Mit satten 87 % Zustimmung sichert sich Borussia Dortmund den Spitzenplatz. Der BVB überflügelt damit sogar den FC Bayern München (79 %), was BVB-Fans vermutlich mit Genugtuung erfüllen wird. Auch der VfB Stuttgart (80 %) liegt noch vor dem Rekordmeister – ein bemerkenswerter Achtungserfolg für die Schwaben. Dicht dahinter folgen Mönchengladbach, Frankfurt sowie Vizemeister Leverkusen, der mit zumeist attraktivem Fußball seit Jahren Fans hinzugewinnt.

Tradition schlägt Erfolg

Der FC Schalke 04 (70 %) – aktuell zweitklassig – wird von den Fans klar in die Bundesliga gewünscht. Ein starkes Votum für die Fußballtradition des Vereins. Weit abgeschlagen landet hingegen RB Leipzig mit nur 32 % Zustimmung. Trotz sportlicher Erfolge und Champions-League-Erfahrung bleibt der Klub in den Köpfen vieler Fans offenbar ein Fremdkörper – kaum ein Verein polarisiert mehr.

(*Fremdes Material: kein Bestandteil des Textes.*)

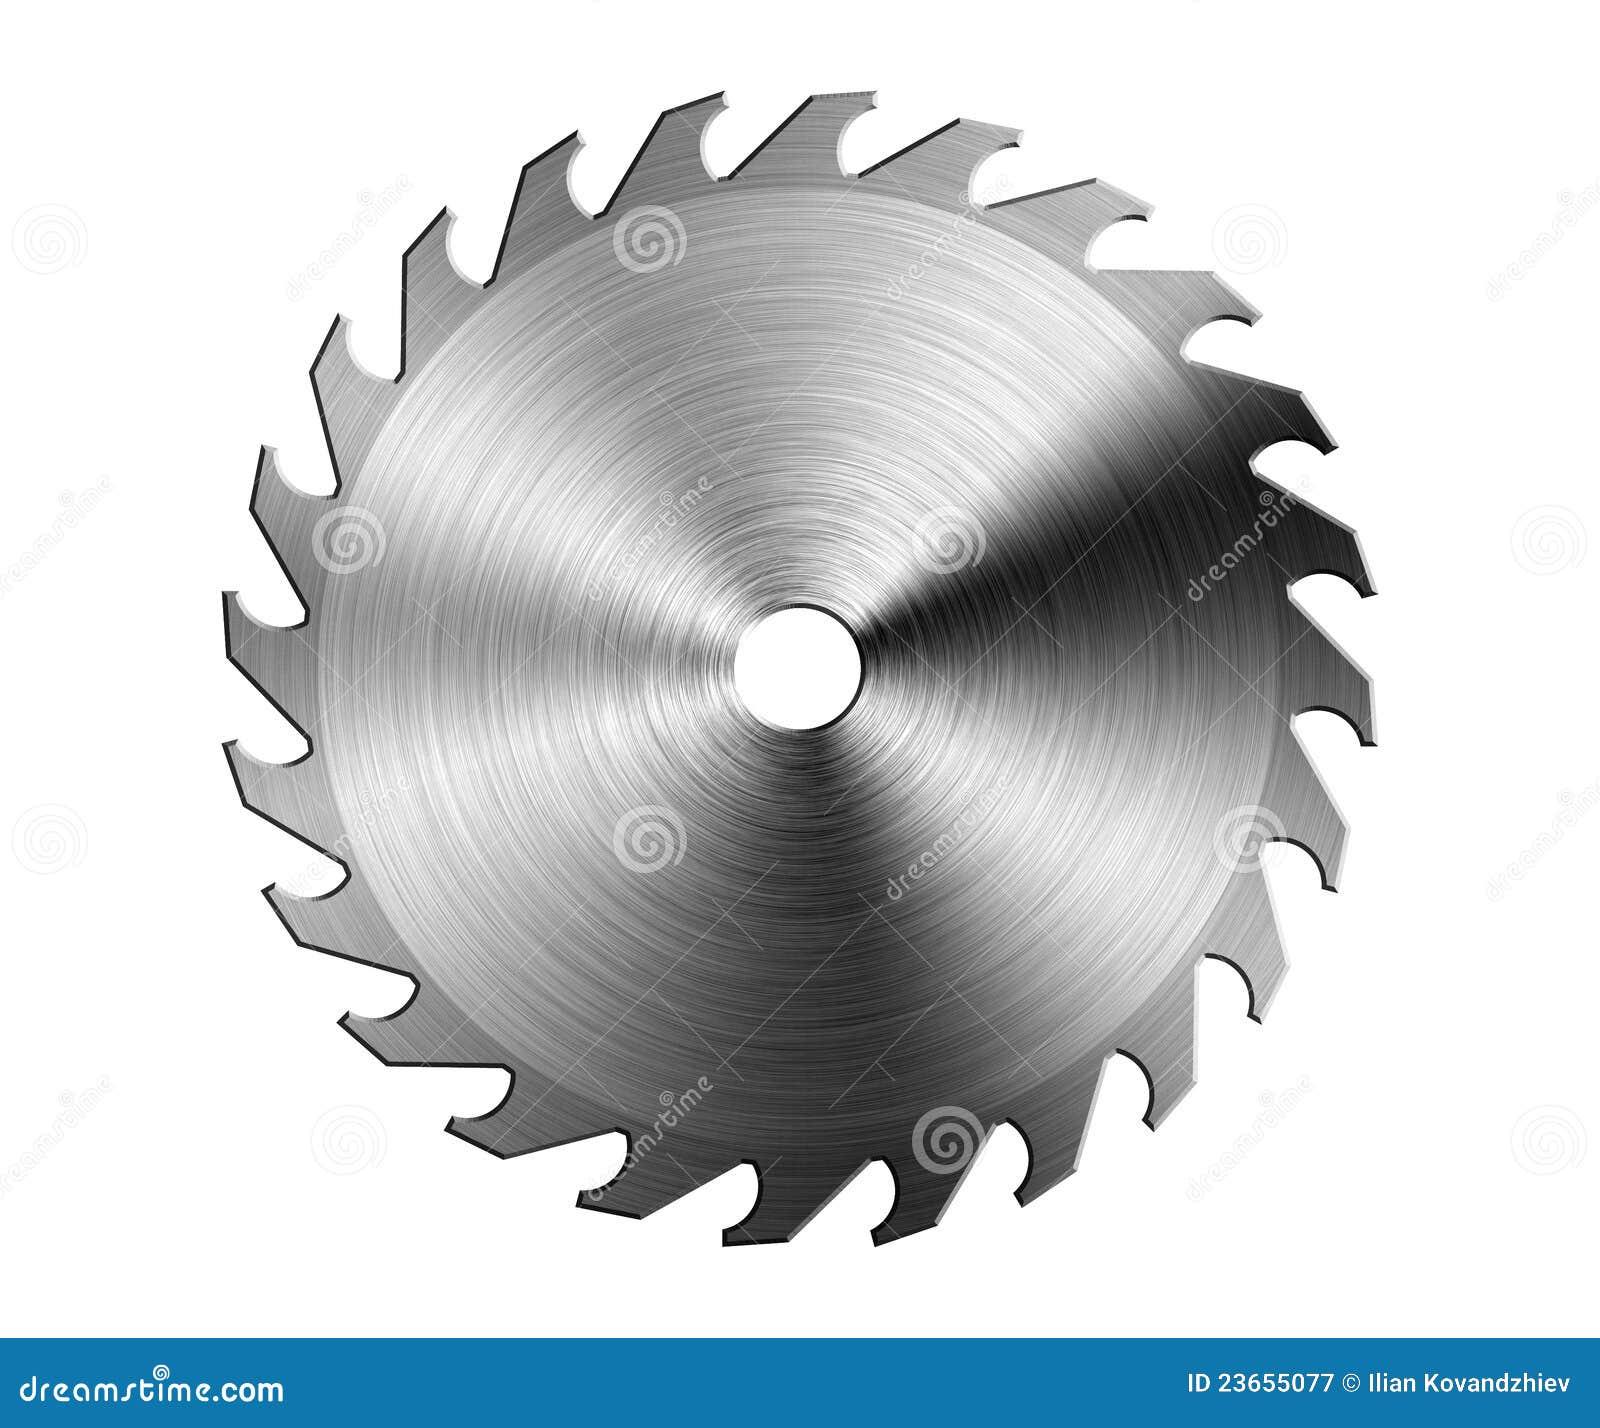 Circular Saw Blade Stock Image Image Of Rotary Safe

Klare Unterschiede: Freiburg stark, Mainz schwach

Mit 63 % schafft es der SC Freiburg in die obere Tabellenhälfte des Fan-Rankings – ein Zeichen der Anerkennung für solides Management, Bodenständigkeit und Kontinuität. Und auch der FC St. Pauli (55 %) gehört für viele Fans als ‚etwas anderer‘ Verein ebenfalls klar in die Bundesliga.

Union Berlin (52 %) behauptet sich solide im Mittelfeld und liegt knapp vor dem Lokalrivalen Hertha BSC (51 %). Der 1. FC Kaiserslautern (53 %) überrascht positiv und wird trotz seiner Zweitklassigkeit über Mainz, Wolfsburg oder Hoffenheim (37 %) eingeordnet. Deutlich schlechter schneiden dagegen Mainz 05 (44 %) und der VfL Wolfsburg (43 %) teilen sich trotz Erstklassigkeit in dem Fan-Ranking die Abstiegsplätze – Vereine, die trotz Erstklassigkeit offenbar weniger Emotionen auslösen.

Aktuelle auf- und Absteiger decken sich mit den Fanwünschen

Während es die beiden aktuellen Bundesliga-Absteiger Kiel und Bochum nicht in die Wunsch-Bundesliga der Fans geschafft haben, sind die Traditionsvereine des 1. FC Köln und des HSV ganz klar dabei. Da hat der Fußballgott ein glückliches Händchen gehabt. In der kommenden Saison wird also wieder einen vergleichsweise hohen Anteil an Klubs haben, die sich die Fußballfans auch wirklich in der ersten Liga wünschen. Da hat der Fußballgott ein glückliches Händchen gehabt.

Klare Außenseiter: Wen vermisst kaum jemand?

Das Tabellenende ist ebenso deutlich: Der insolvente KFC Uerdingen (5 %), Preußen Münster (7 %) oder die SpVgg Unterhaching wurden kaum genannt. Auch aktuelle Zweit- oder Drittligisten wie Ingolstadt, Regensburg, Elversberg oder Osnabrück erreichen nur rund 10 % Zustimmung.

Was gab den Ausschlag? Und wer wählte wie?

Die Befragten gaben eine bunte Mischung an Begründungen für ihre Wahl. Ein Fan schrieb ganz klar: „Vereine ohne Geschichte haben in der Bundesliga nichts verloren.“ Ein anderer meinte „Finde, dass es eine interessante Mischung ist.“ Eine weitere Stimme war emotionaler: „Weil sie Fußball leben!“. Ein Blick in die unterschiedlichen Fangruppen zeigt, wie stark sich die Präferenzen unterscheiden. So erreichen Dresden und Leipzig im Osten deutlich höhere Werte als im Rest der Republik. Und im Norden liegt beispielsweise Werder vorn.

Fazit: Fußball ist mehr als Leistung

„Die Ergebnisse zeigen deutlich: Fußball funktioniert nicht rein rational. Für viele Fans zählen Geschichte, Emotion und Identifikation mindestens genauso wie Tabellenplätze“, erklärt Joachim Netz von MediaAnalyzer. Vereine wie der HSV oder Kaiserslautern beweisen, dass Traditionsclubs auch nach langer Unterklassigkeit nie vergessen werden. Selbst wenn sich nur noch die Senioren an die besten Zeiten des Vereins erinnern. Ob Kult, Krise oder Kommerz – die Bundesliga lebt nicht nur vom sportlichen Wettbewerb, sondern auch von der Leidenschaft der Fans.